Oncology practices are critical players in the future of big data cancer research. Only with strong participation from both community and academic practices will we be able to fully understand the diversity of disease and related health disparities. Data infrastructure programs such as the American Society of Clinical Oncology’s CancerLinQ initiative and Flatiron Health are able to partner directly with oncology practices and can adapt to different EHR platforms. The NCI Community Oncology Research Program (NCORP) of the National Cancer Institute is also a highly successful federally supported resource that helps to support clinical trial participation in community oncology practice. The predecessor to the NCORP program (the NCI Community Clinical Oncology, or CCOP, program) was effective at helping to diffuse cancer innovation more quickly into community practices and attenuate disparities in the receipt of treatment.[12,14,39,40] In addition to participating in data infrastructure platforms, practicing oncologists are critical stakeholders for patient reporting and disseminating new evidence regarding precision medicine and tumor heterogeneity into real-world practice.
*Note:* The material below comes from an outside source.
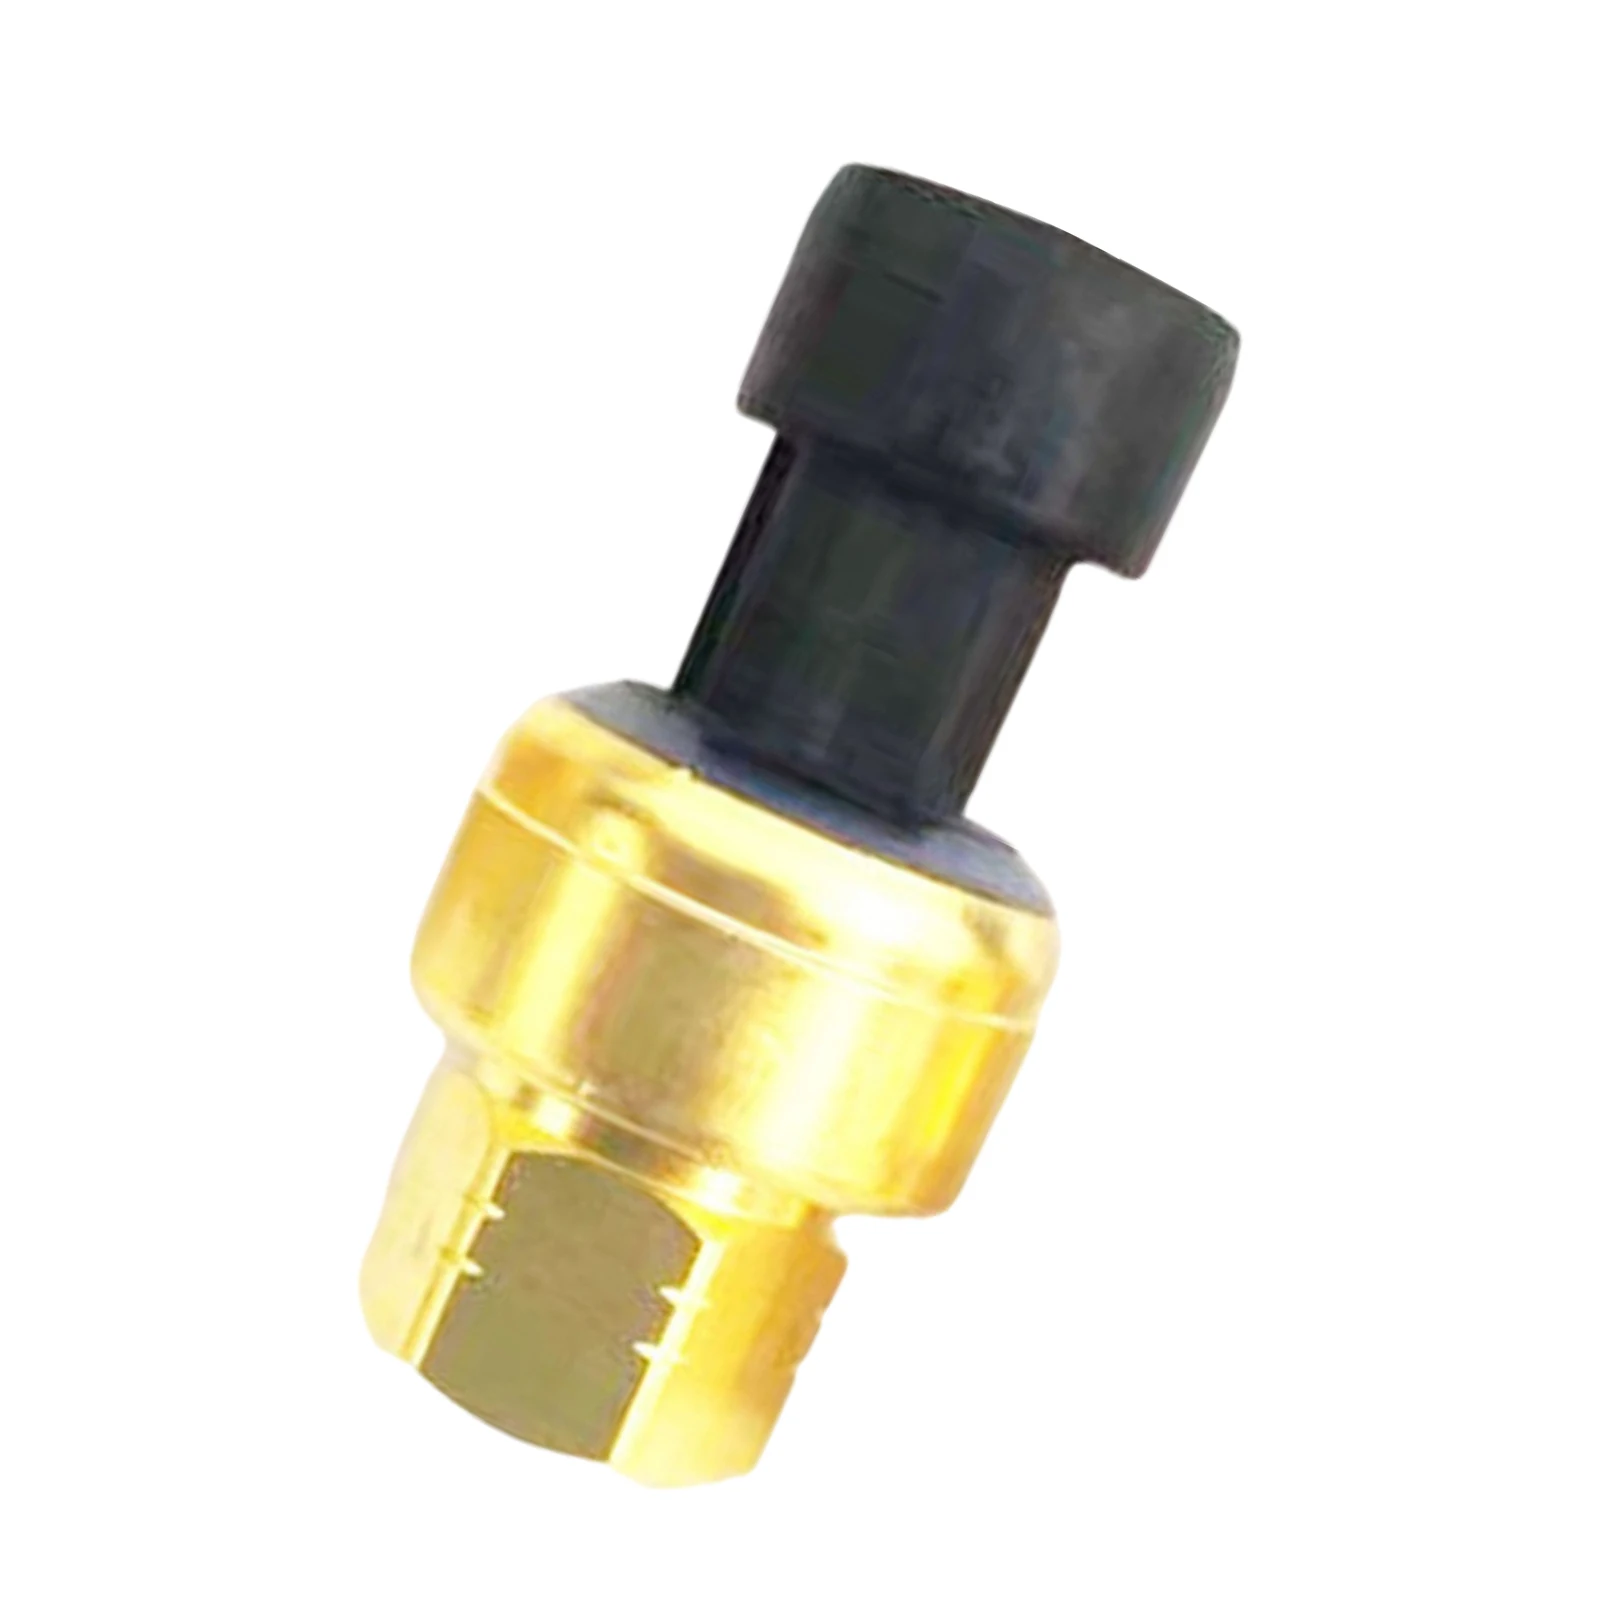 Oil Pressure Sensor 194-6724 Excavator Transducer Fit for Cat Caterpillar C15 C12

The overarching vision is to create a “learning health system” in which data from real-world cancer patients within the EHR and data from other systems are rapidly analyzed and fed back to the physicians at the point of care. The ultimate goal is to improve the quality of cancer care by using big data and analytics in real time to analyze patient data within a larger context; this approach enables more precise tailoring of treatment and timely delivery of treatment outcomes information to clinicians.
Key Challenges in Applying Big Data to Cancer Disparities Research
Key challenges of using big data resources for cancer disparities research are similar to those complicating use of big data for other goals in cancer care. These challenges can be summarized as follows:
• Data structure and format are not standardized among different systems, significantly complicating the combination of data from multiple sources.
• Information technicians and systems scientists are struggling to develop comprehensive technology platforms that can integrate data across multiple scales and scientific domains (from molecular data to social/behavioral risk factors).
• Large amounts of critical data (eg, cancer stage, recurrence) are trapped in unstructured data fields and require sophisticated human-curation and/or natural language processing approaches to render them usable.
• Gaps exist in data continuity and longitudinal follow-up when portions of patients’ care occur outside of a system, such as a participating provider, clinic, EHR, laboratory, or payer.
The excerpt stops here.